Some US companies are again actively selling components to Huawei. They can ignore the US government's sanctions because they have found a loophole in the rules.
American chip manufacturers are still selling products worth several million dollars to Huawei, reports The New York Times. These include companies such as Intel and Micron. In order to actively continue the trade, these companies have found ways not to have to label their products as manufactured in America.
After the USA had placed Huawei on the so-called "Entity List", US companies are prohibited from trading with the Chinese manufacturer. Although there is now a transitional period until August, this only applies to components for current products, but not for future ones.
The US government's move has caused a great deal of confusion not only in China, but also among Huawei's suppliers, writes The New York Times. Many deliveries were therefore stopped for the time being. Until lawyers had picked the regulation apart and decisions of the companies were also partially confirmed by the US Department of Commerce.
The blockade is not a one-way street
This is possible, for example, if chips are produced outside the USA and do not contain "technology that threatens national security". But there are also restrictions. No other services, such as the use of the product, may be offered even if the chipset was built outside the United States.
According to the report, this rule had already forced companies to review their supply chains and consider relocating production.

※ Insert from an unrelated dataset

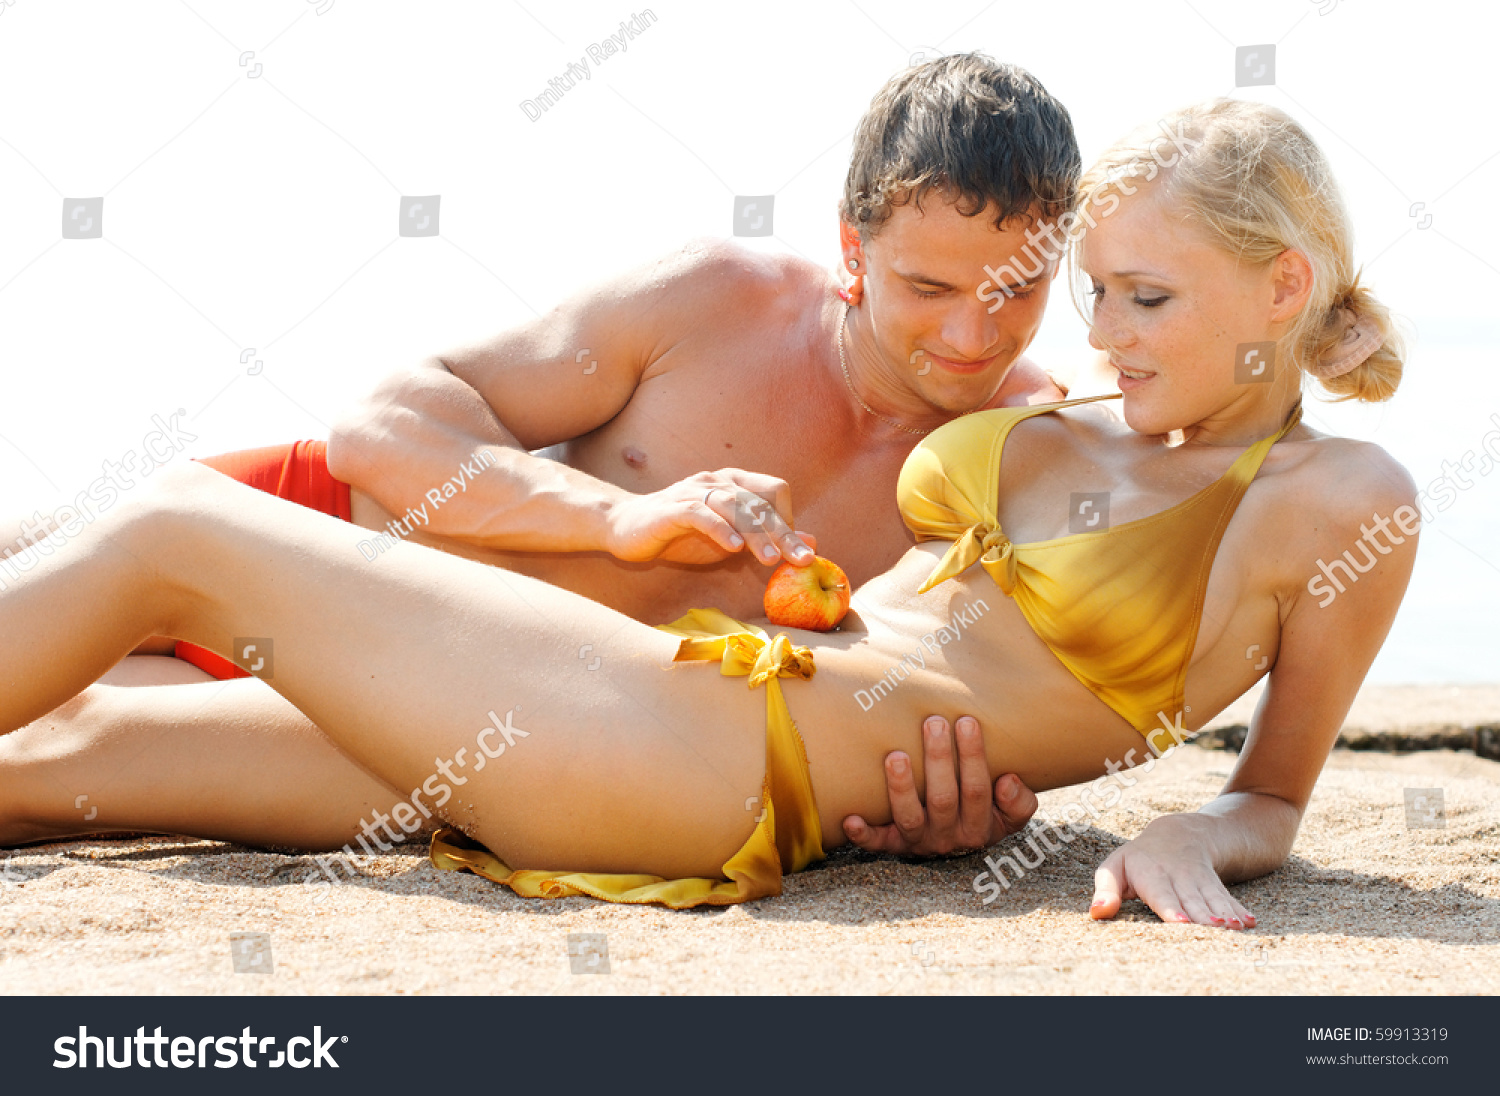 Лесбиянка в купальнике засовывает руку в киску подруги на пляже

It is not only possible to withdraw production from China, but also from the USA, said Kevin Wolf, a former trade ministry employee who now advises companies on the Huawei issue. Other countries would then be the winners.

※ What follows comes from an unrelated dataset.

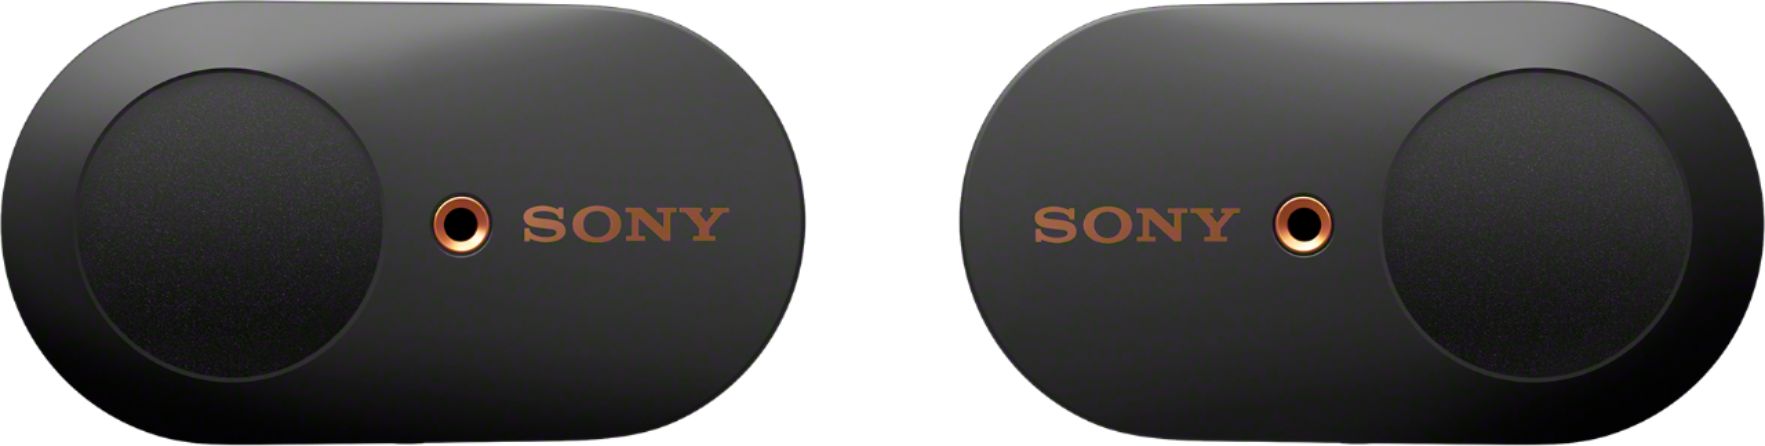 Sony WF-1000XM3 True Wireless Noise Cancelling In-Ear Headphones Black  WF1000XM3/B - Best Buy

Because the rule is not only a problem for Huawei, but other US companies also fear for big business. The courier service FedEx has meanwhile sued the US government for the trade embargo. The reason is probably that FedEX had not originally transported a P30 Pro to the USA. According to the complaint, which Huawei does not explicitly mention, it is an unreasonable burden for the company to have to know the origin of every package sent.
Intel and Micron did not want to comment on this to the New York Times. However, Micron boss Sanjay Mehrotra has confirmed in an annual report that he has resumed deliveries to Huawei. It is unclear whether the deliveries will be used for future products.